■ **RECORDS FOR THIS TASK**:

- - -

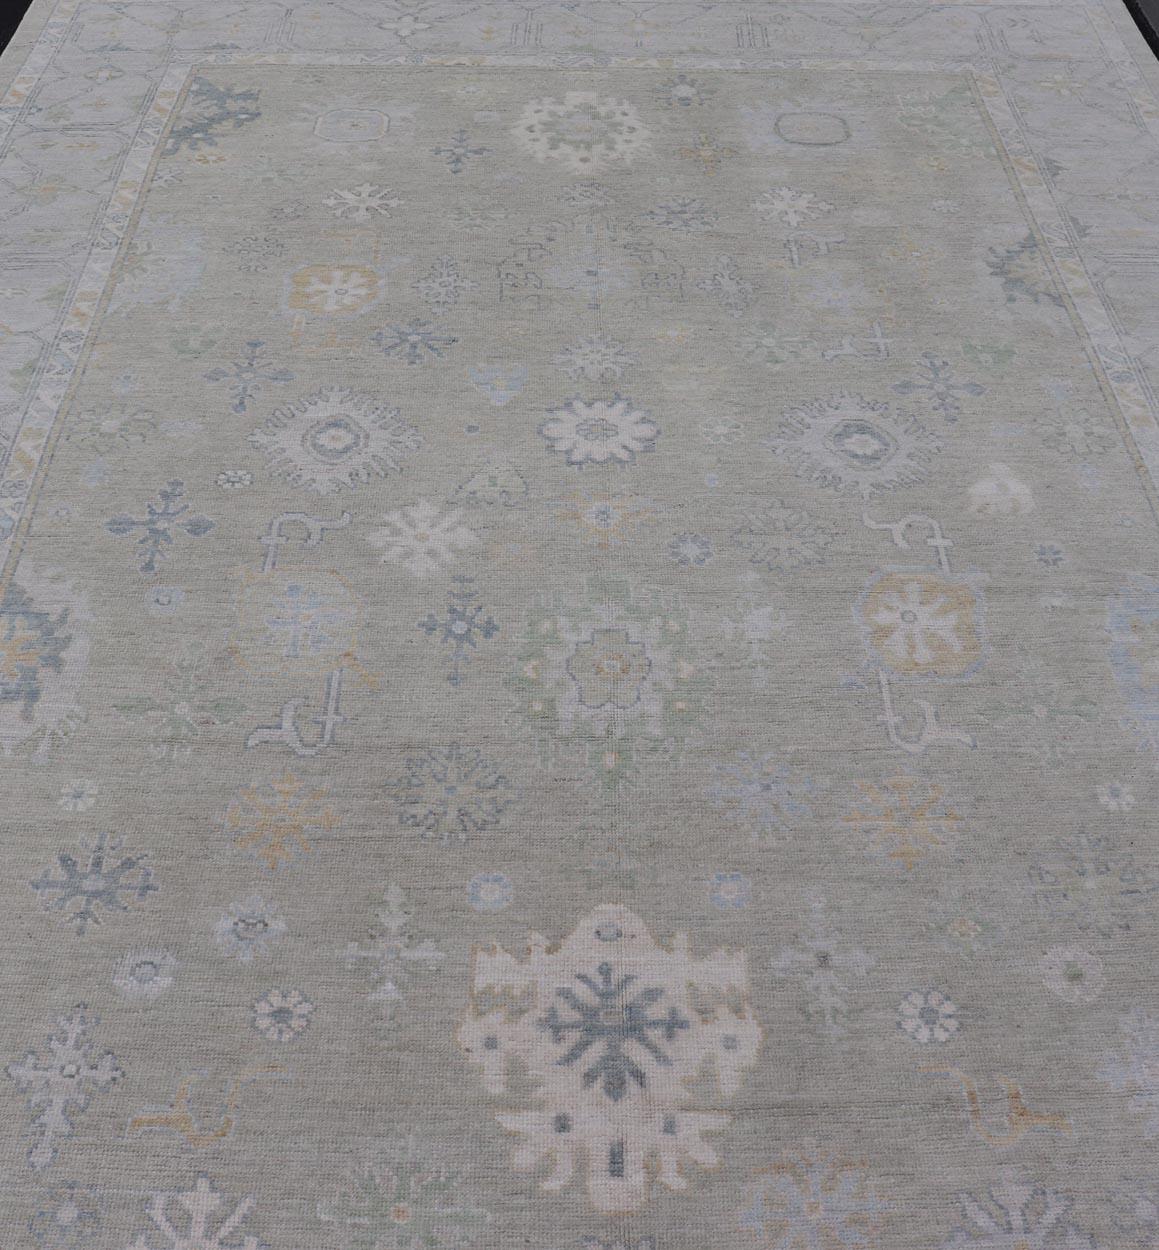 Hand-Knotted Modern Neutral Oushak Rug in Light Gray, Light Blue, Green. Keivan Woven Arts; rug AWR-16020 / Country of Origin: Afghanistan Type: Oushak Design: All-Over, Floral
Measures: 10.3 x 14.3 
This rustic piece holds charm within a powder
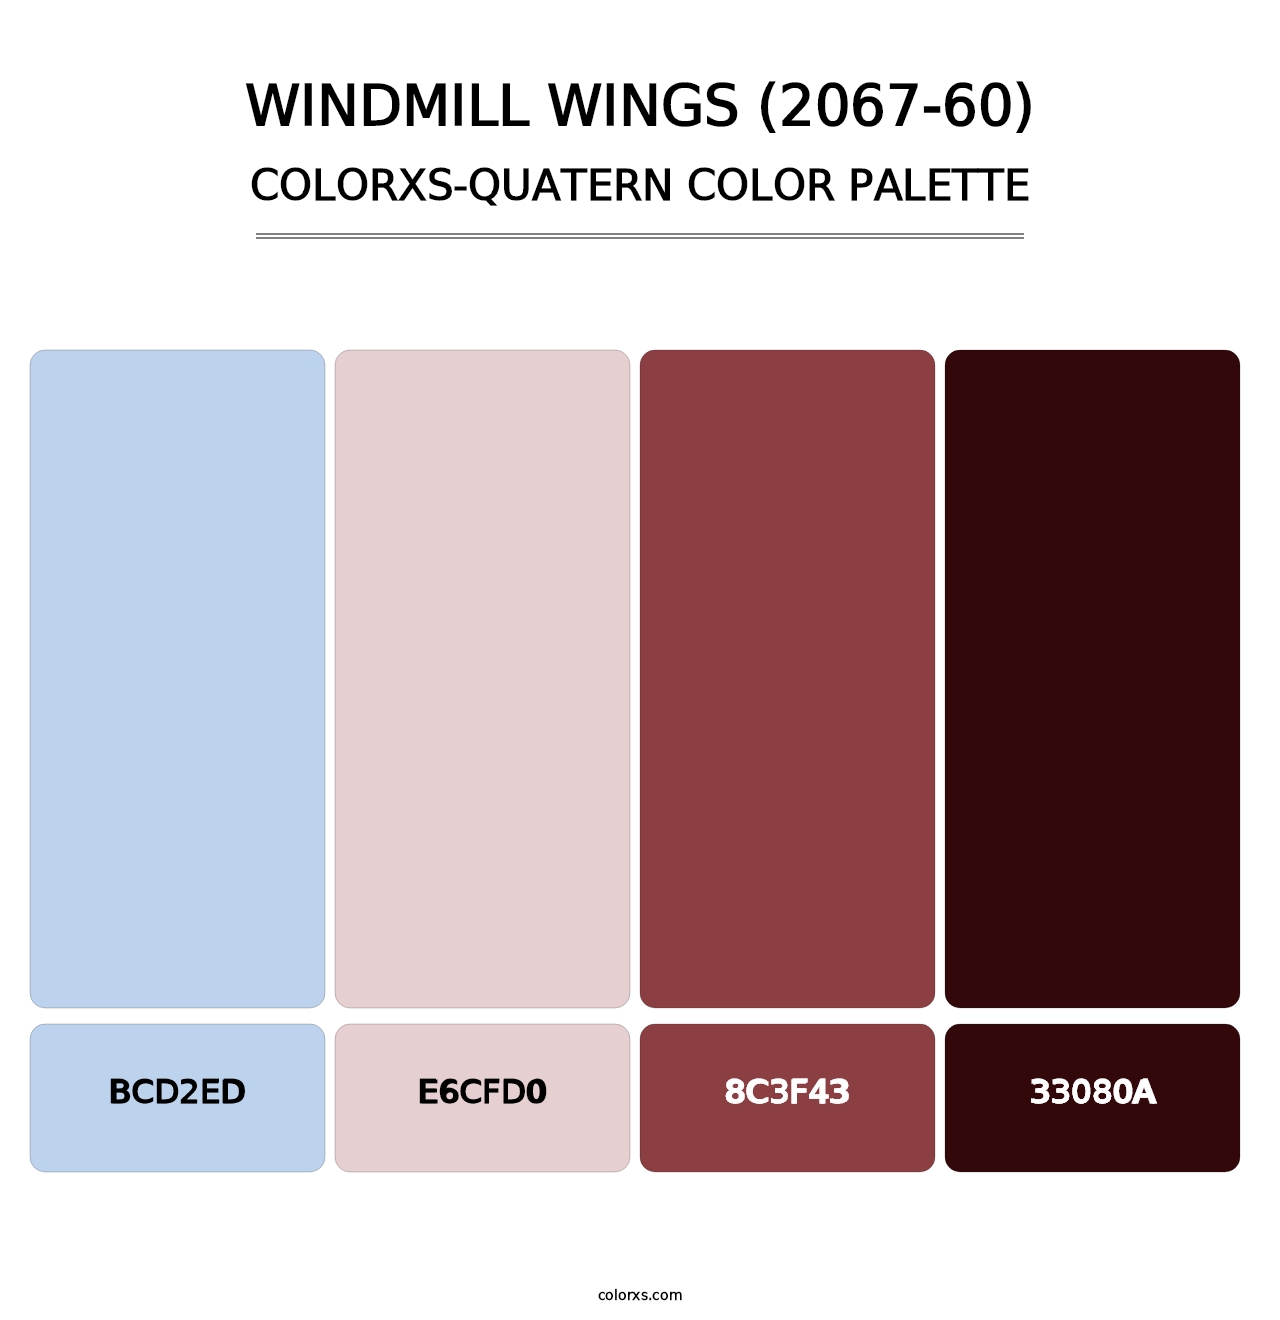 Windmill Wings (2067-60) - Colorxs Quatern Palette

- - -

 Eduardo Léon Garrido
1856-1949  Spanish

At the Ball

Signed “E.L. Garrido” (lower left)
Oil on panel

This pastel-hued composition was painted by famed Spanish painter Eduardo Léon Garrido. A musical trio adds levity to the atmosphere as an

- - -

■ **HOW TO COMPLETE THIS TASK**:
Please return the data above exactly as it stands from the line with "Hand-Knotted Modern Neutral" to the line with "Windmill Wings (2067-60)", keeping both of those lines but none of the pictures.

■ **YOUR SOLUTION**:
 Hand-Knotted Modern Neutral Oushak Rug in Light Gray, Light Blue, Green. Keivan Woven Arts; rug AWR-16020 / Country of Origin: Afghanistan Type: Oushak Design: All-Over, Floral
Measures: 10.3 x 14.3 
This rustic piece holds charm within a powder
 Windmill Wings (2067-60) - Colorxs Quatern Palette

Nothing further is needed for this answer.